Last updated at Posted at 2021-12-24

カレンダー2を作ったものの、スカスカじゃないか!ということで、急遽、 おうちクラウド考察2021 with TCE(12/25公開予定) のプレ企画の場所として使わせていただきます。

本日のテーマは、AMD Ryzenを搭載するMinisforum HM90というミニPCをおうちクラウドに導入してみたので、紹介します!TCEを動作させる環境として、参考になれば幸いです。

NUCについての予備知識

そもそもNUCって何? 読み方は?

その答えは、Intelのホームページ にあります。

インテル® NUC はフットプリントが小さく、省スペースなパソコンです。

Next Unit of Computing の略であるインテル® NUC (「ラック」や「トラック」と同じように発音) は、フルサイズ PC のパワーを手のひらサイズで実現しました。

要は小さくてパワフルなパソコンのことを指すようですが、厳密な定義はなさそうですね。また、読み方も ナック が正解のようです。

どのくらい小さいの?

基本形は、4x4" (= 4 inch = 10.16 cm 四方) のマザーボードを搭載したもので、筐体サイズは、11.7 x 11.2 x 5.4 cm 位になります。
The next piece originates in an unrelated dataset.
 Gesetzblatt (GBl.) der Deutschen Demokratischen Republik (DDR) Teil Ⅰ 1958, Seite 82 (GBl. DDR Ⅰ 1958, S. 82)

NUC 9 Pro や NUC 11 Extreme 等のGPU搭載モデルは、もっと大きいです(参考)。

Intel製のもの = NUC なの?

基本的には、その通りです。 2012年11月にIntelがNUCと名付けて発売し、話題となりました。

(2022年1月7日追記)
[NUCと呼べるもの]

  • 基本的に『NUC』といえばIntelが出している小型PCで差し支えない。
  • NUC規格に準拠したサードパーティー製品やマザーボードもあり、これらはNUCを名乗ることがある ()
  • 同一のサイズであるが、Intelとの混同を避けるため、AMDを利用する場合はNUCの呼称を使わないケースもある(MinisforumのPCや、ASRockのこれ)

[NUCと呼べないもの]

  • NUC規格ではないが、サイズが近いMini-PCも各社から出ている (共通規格だとMini-STX, Thin Mini-ITX、その他GIGABYTE BRIXやECS LIVAなど独自規格)
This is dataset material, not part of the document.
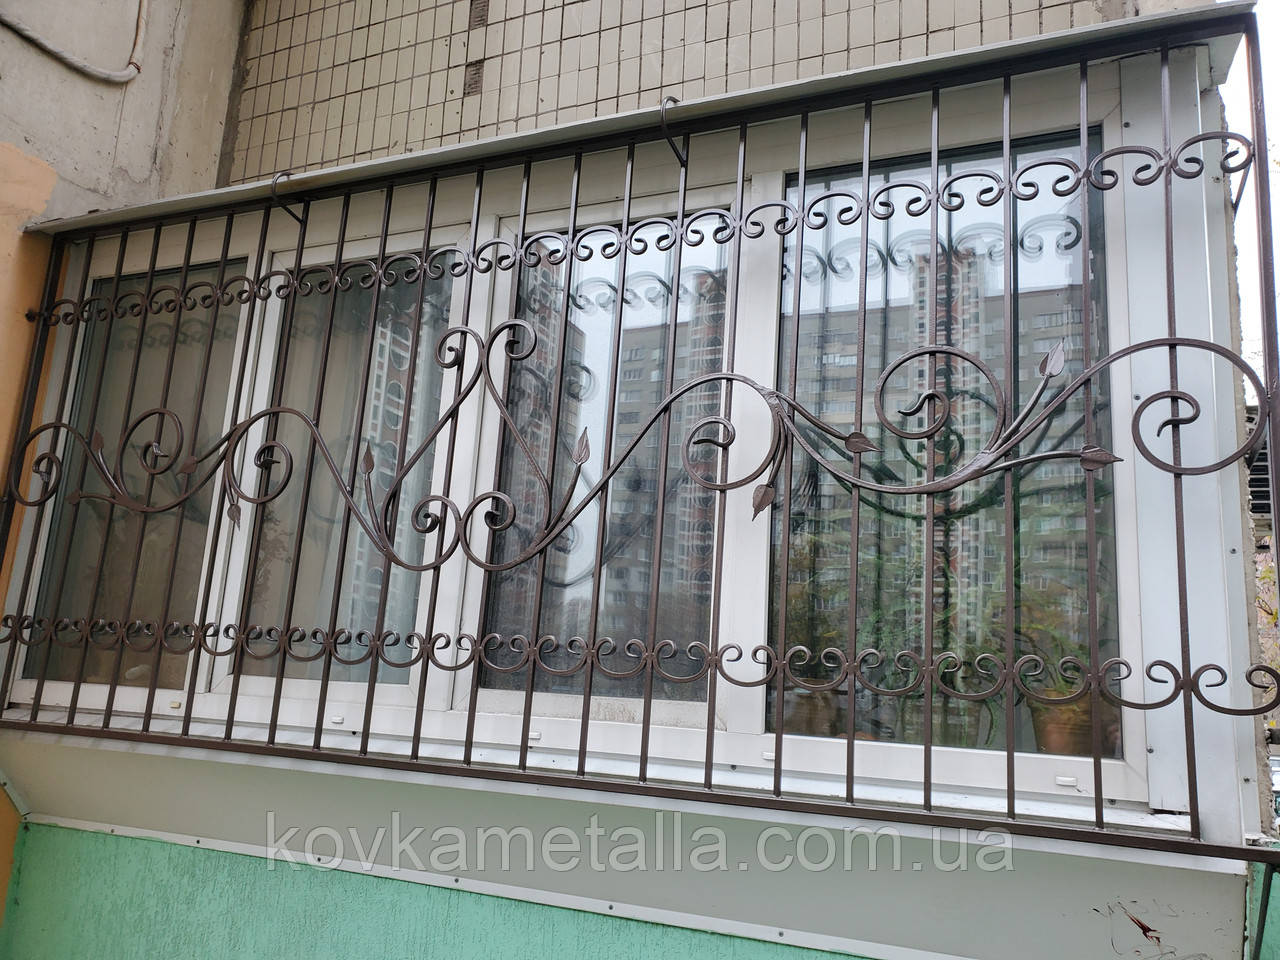 Кована решітка на вікно Київ арт Кр No 69

ただし最近は、サードパーティー各社がNUCを意識したサイズのPCを出していて、Intel製CPUのみならず、AMD Ryzenが搭載されたモデルもラインナップされてたりします。(使い分けとして、これらは単に ミニPC と呼ぶ会社が多いですが、NUCと呼んでも通じます。)

[参考]

初心者にオススメなのはどれ?

圧倒的に、Intel NUCです。何故なら、William Lam氏のブログ を始め、Intel NUC向けの情報が圧倒的に多いからです。困った時はググれば、何かしら情報が出てきます。

Minisforum HM90

上記のような背景ですが、そもそも私はNUCにそんなに不満を感じてなかったため、これまで Intel NUC のみで進めてきました。が、11月某日、TUNA-JP Slack の #sig-ouchi-clooud チャンネルに、1通の情報が舞い込んできました。

Screen Shot 2021-12-22 at 20 29 18

さらに、上記の新モデルである、Minisforum EliteMini HM90 がセール中 のため、価格・スペック、共に申し分ない!これをみて、そろそろRyzenに手を出してみるか! となりましたw ここからは、下調べタイム!

※. [お願い] 上記のURL末尾の ?aff=83 は、私のアフィリンクです。記事が参考になったと思った方は、ご購入の際、?aff=83 がついた状態でカートに入れていただけると嬉しいです!(購入時の価格には影響ありません)

AMD Ryzen って、ESXi で動くの?

Compatibility Guide を見る限り、Ryzen の文字は見当たらないので分からない。。

ただし、William Lamのブログ で類似の製品の情報を読むと、CPUの認識に問題となってはいなさそう。代わりに、以下の2点が懸念ポイントとなる。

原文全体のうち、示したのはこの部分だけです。